In all Washington, D.C. premises liability cases, one of the key issues that must be resolved is whether the defendant landowner violated a duty of care that it owed to the plaintiff. As a general rule, a duty of care exists any time someone enters another party’s land with the landowner’s permission. The question then often becomes whether the defendant knew about the hazard that caused the plaintiff’s injuries.
In some situations, a plaintiff may bring a premises liability lawsuit against a landowner for injuries that did not occur on that party’s property.
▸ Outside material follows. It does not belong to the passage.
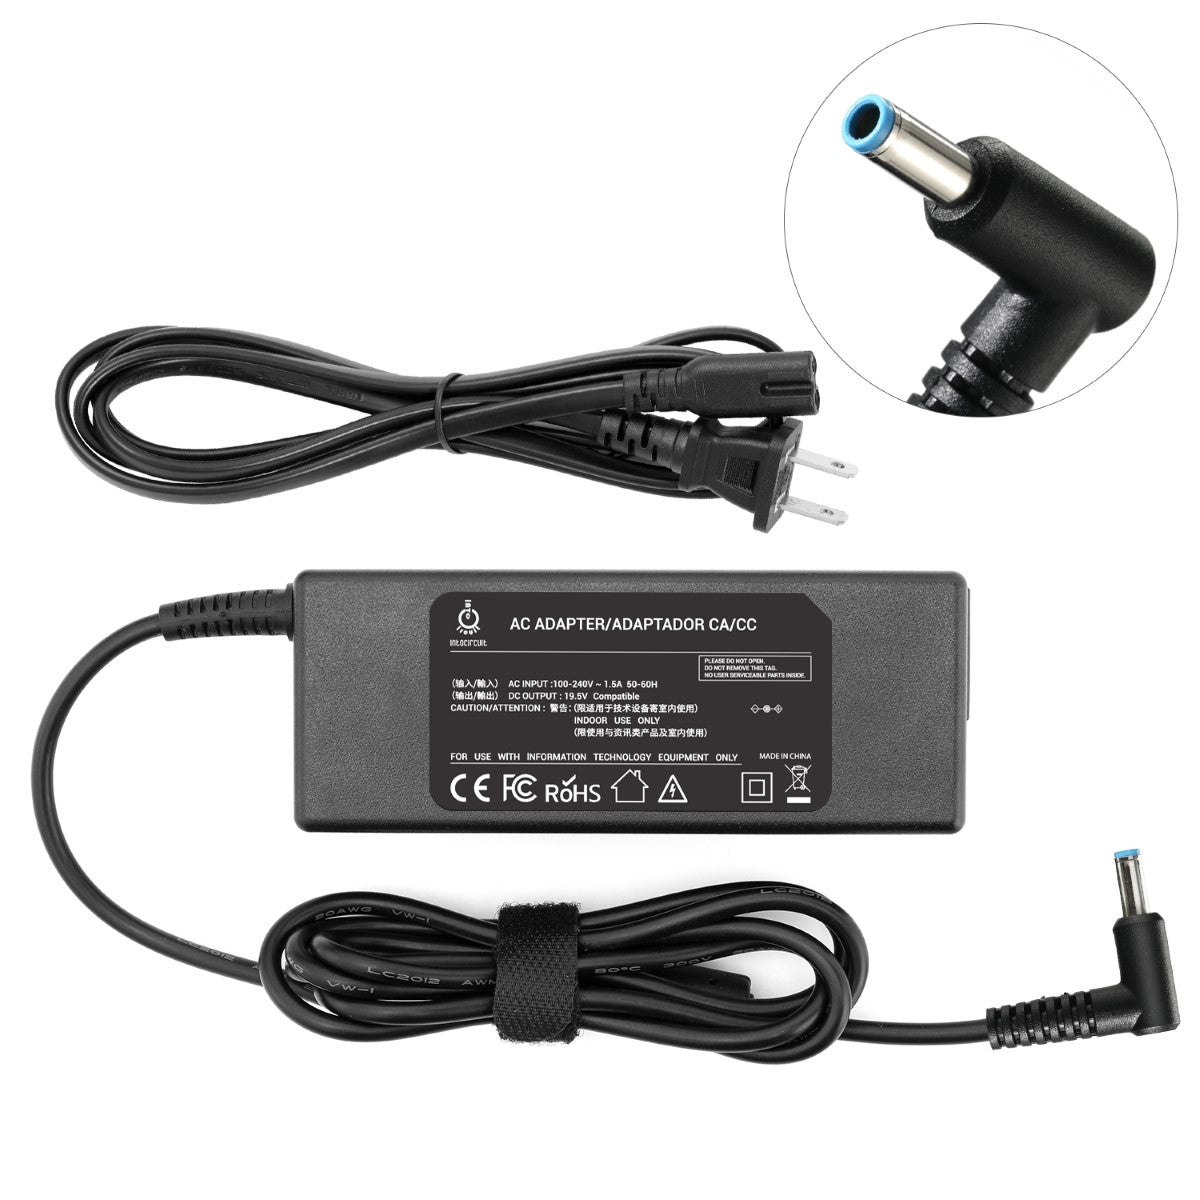 Charger for HP 15-p020us Laptop

The general rule in these cases is that there is not a duty to protect someone once they leave – or before they enter – a landowner’s property. However, if a plaintiff is able to establish that the landowner, through their conduct, assumed a duty of care, a plaintiff may be able to proceed with their lawsuit.
A recent case discusses the later situation in the context of an accident that occurred while a parishioner was crossing the street from an off-site church parking lot.
The Facts of the Case
The plaintiff was a member of the defendant church. One day, the plaintiff drove to the church to attend an evening service. When he arrived, the church’s parking lot was full, and a volunteer parking attendant directed the plaintiff across the street.
The plaintiff drove to the off-site parking lot and parked his car. While there were attendants at the nearest intersection to assist parishioners in crossing the street, no one informed the plaintiff of this fact, and he attempted to cross the street mid-block. As the plaintiff attempted to cross, he was struck by another motorist and seriously injured.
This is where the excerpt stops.